Even when “The Fuel of the Sun” was published I knew nothing of the American observations of the quadrangular figure of the corona, or should certainly have then quoted them, nor of the fact revealed by the Eclipse of December, 1870, that, “wherever on the solar disc a large group of prominences was seen on Mr. Seabroke’s map, there a corresponding bulging out of the corona was chronicled on Professor Watson’s drawing; and at the positions where no prominences presented themselves, there the bright portions of the corona extended to the smallest distances from the sun’s limb;” and that Mr. Brothers’s photographs _all_ show the corona extending much further towards the west than towards the east, the west being “the region richest in solar prominences.” I am sorry that the limits of this paper will not permit me to enter more fully into the bearings of the recent studies of the corona and the prominences upon my explanations of solar phenomena, especially as the differences between the inner and outer corona, which still appear to puzzle astronomers, are exactly what my explanation demands.

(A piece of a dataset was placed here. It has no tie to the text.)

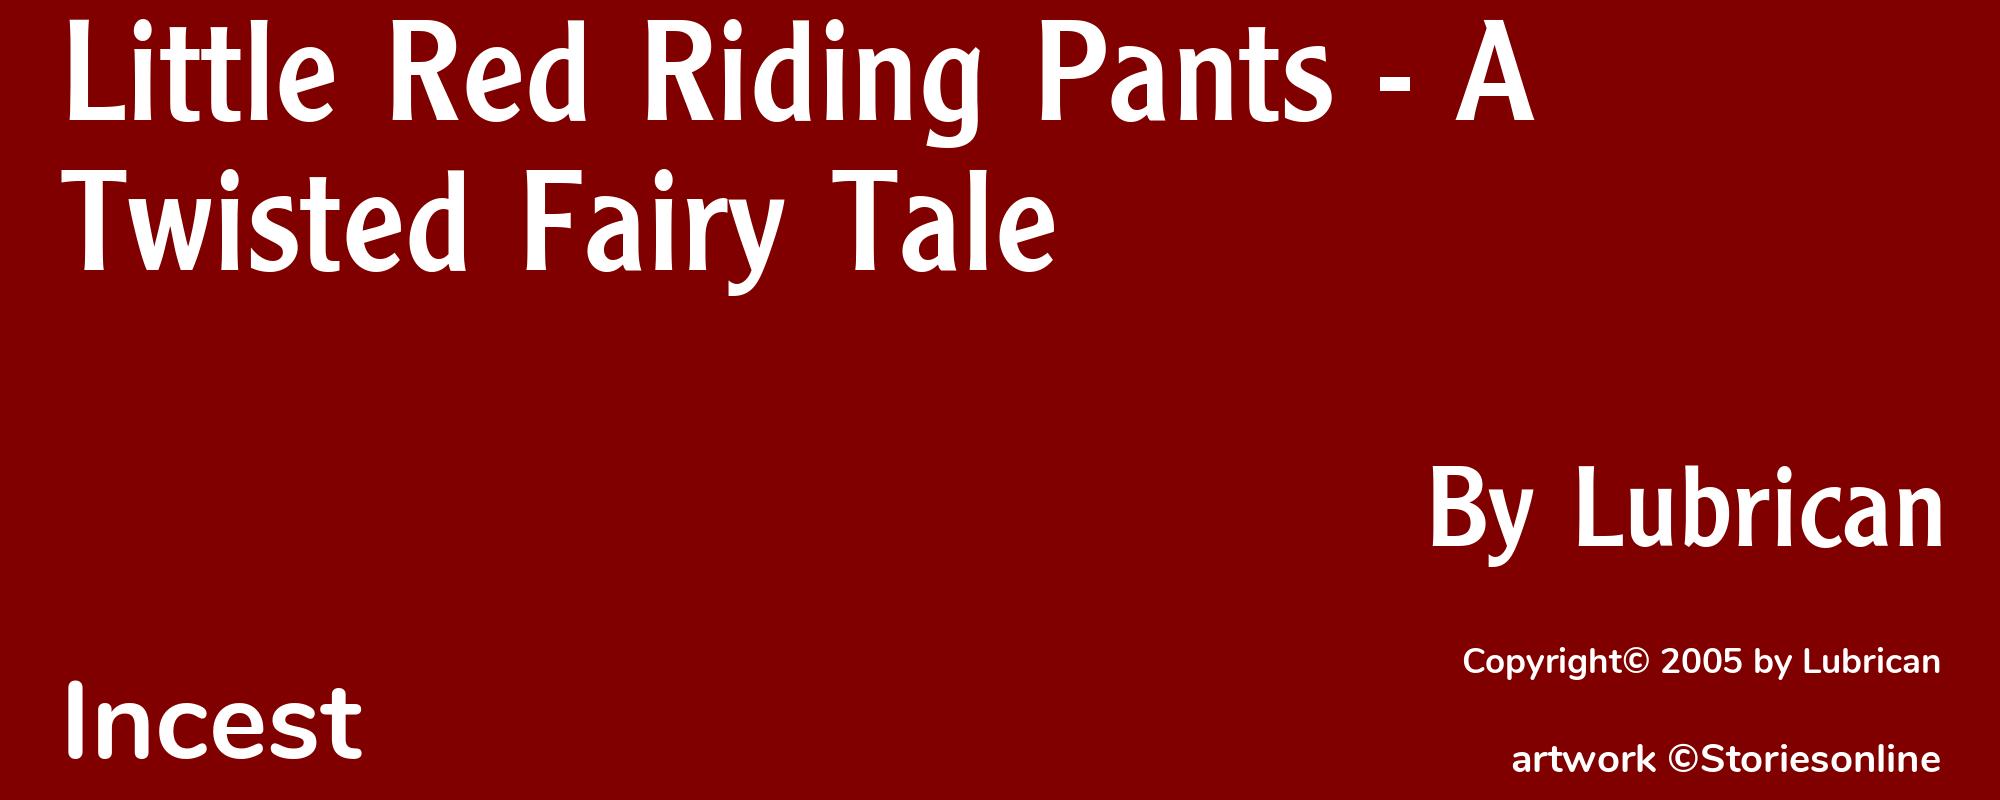 Little Red Riding Pants - A Twisted Fairy Tale - Cover

I must make this the subject of a separate paper, and proceed at once to the next step of the general argument.

Assuming that such ejections of solid matter are poured from the prominences, to what distances may they travel? In attempting to answer this question, I avowedly ventured upon dangerous ground, for at the time of writing I only knew that the force of upheaval of the prominences must be enormous, _probably_ sufficient to eject solid matter beyond the orbit of the earth and even beyond that of Mars. Actual measurements of the eruptive velocity of the solar prominences have since been made, and they are so great as to relieve me of my quantitative difficulty, and show that I was quite justified in the bold inference that these eruptions may account for the zodiacal light, the zones of meteors into which our earth is sometimes plunged, and even the outer zone of larger bodies, the asteroids.

But how, the reader will ask, can such solids, ejected from the sun, acquire orbital paths around him? “We have been taught that the parabola is the necessary path of such ejections.” Mr. Proctor has evidently reasoned in this manner, for in last April number of “Fraser’s Magazine” he says that some of my ideas are “opposed to any known laws, physical or dynamical,” that “there is nothing absolutely incredible in the conception that masses of gaseous, liquid, or solid matter should be flung to a height exceeding manifold that of the loftiest of the colored prominences; whereas it is not only incredible, but impossible, that such matter should in any case come to circle in a closed orbit round the sun.”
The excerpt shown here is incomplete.